I am not sure its worth adding extra complexity.

> 
> Implementation complications:
>  Killing of frag queues while only holding the hash bucket lock, and
> not the frag queue lock, complicates the implementation, as we race
> and can end up (trying to) remove the hash element twice (resulting in
> an oops). This have been addressed by using hlist_del_init() and a
> hlist_unhashed() check in fq_unlink_hash().
> 
> Extra:
> * Added new sysctl "max_hash_depth" option, to allow users to adjust the hash
>   depth along with adjusting the thresh limits.
> * Change max hash depth to 32, thus limit handling to approx 2048 frag queues.
> 
> Signed-off-by: Jesper Dangaard Brouer <brouer@redhat.com>
> ---
> 
>  include/net/inet_frag.h                 |    9 +---
>  net/ipv4/inet_fragment.c                |   64 ++++++++++++++++++++-----------
>  net/ipv4/ip_fragment.c                  |   13 +++++-
>  net/ipv6/netfilter/nf_conntrack_reasm.c |    5 +-
>  net/ipv6/reassembly.c                   |   15 ++++++-
>  5 files changed, 68 insertions(+), 38 deletions(-)
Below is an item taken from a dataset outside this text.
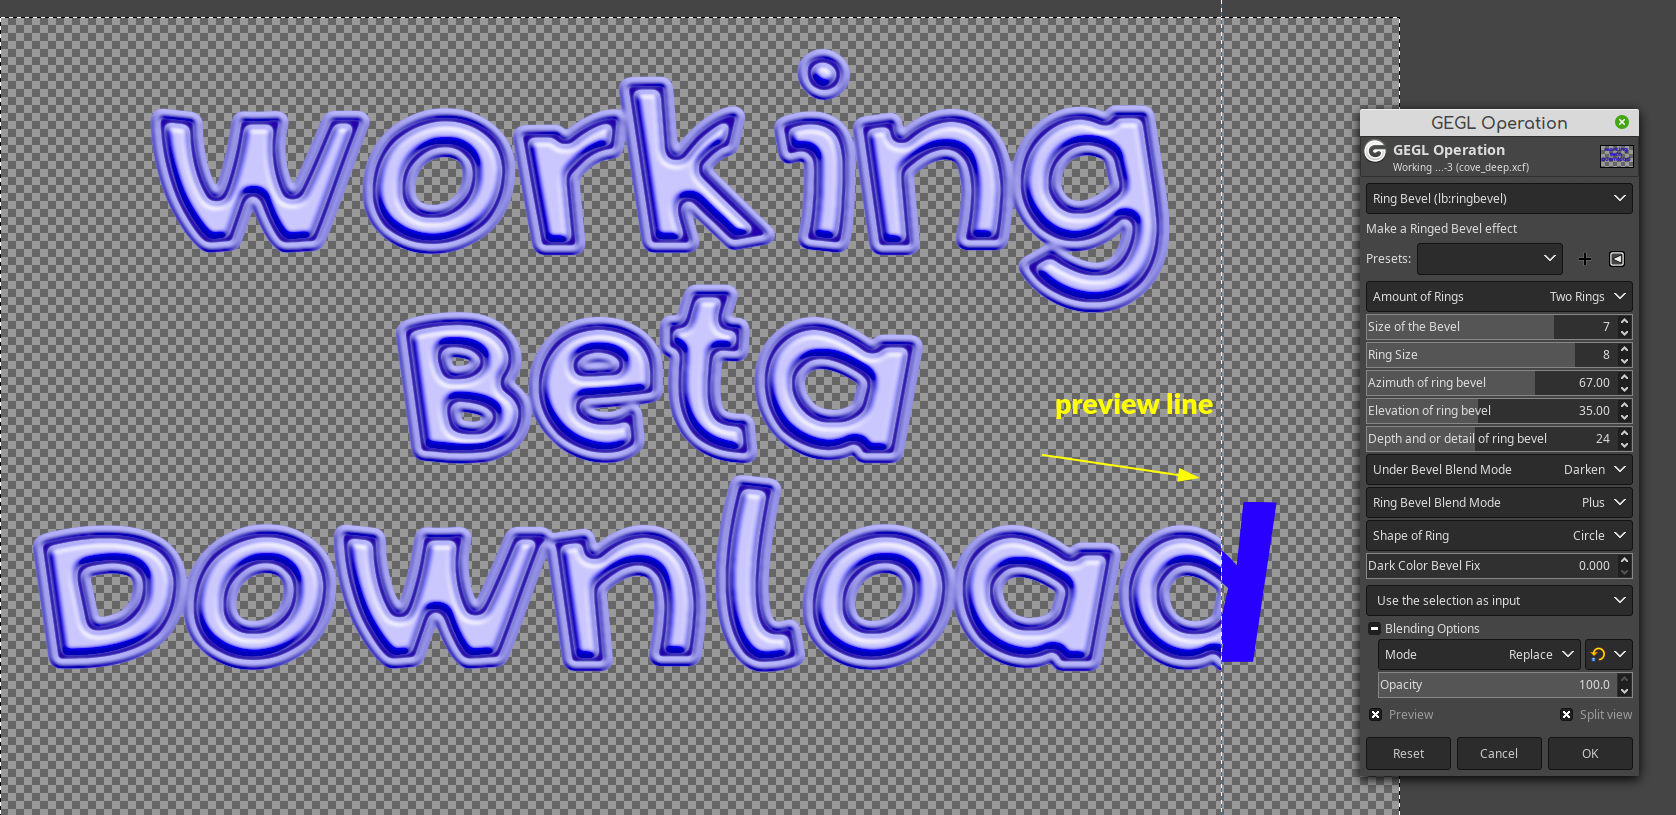 beta_download.png

Hmm... adding a new sysctl without documentation is a clear sign you'll
be the only user of it.

You are also setting a default limit of 32, more likely to hit the
problem than current 128 value.

We know the real solution is to have a correctly sized hash table, so
why adding a temporary sysctl ?

As soon as /proc/sys/net/ipv4/ipfrag_high_thresh is changed, a resize
should be attempted.

But the max depth itself should be a reasonable value, and doesn't need
to be tuned IMHO.

The 64 slots hash table was chosen years ago, when machines had 3 order
of magnitude less ram than today.

Before hash resizing, I would just bump hash size to something more
reasonable like 1024.

That would allow some admin to set /proc/sys/net/ipv4/ipfrag_high_thresh
to a quite large value.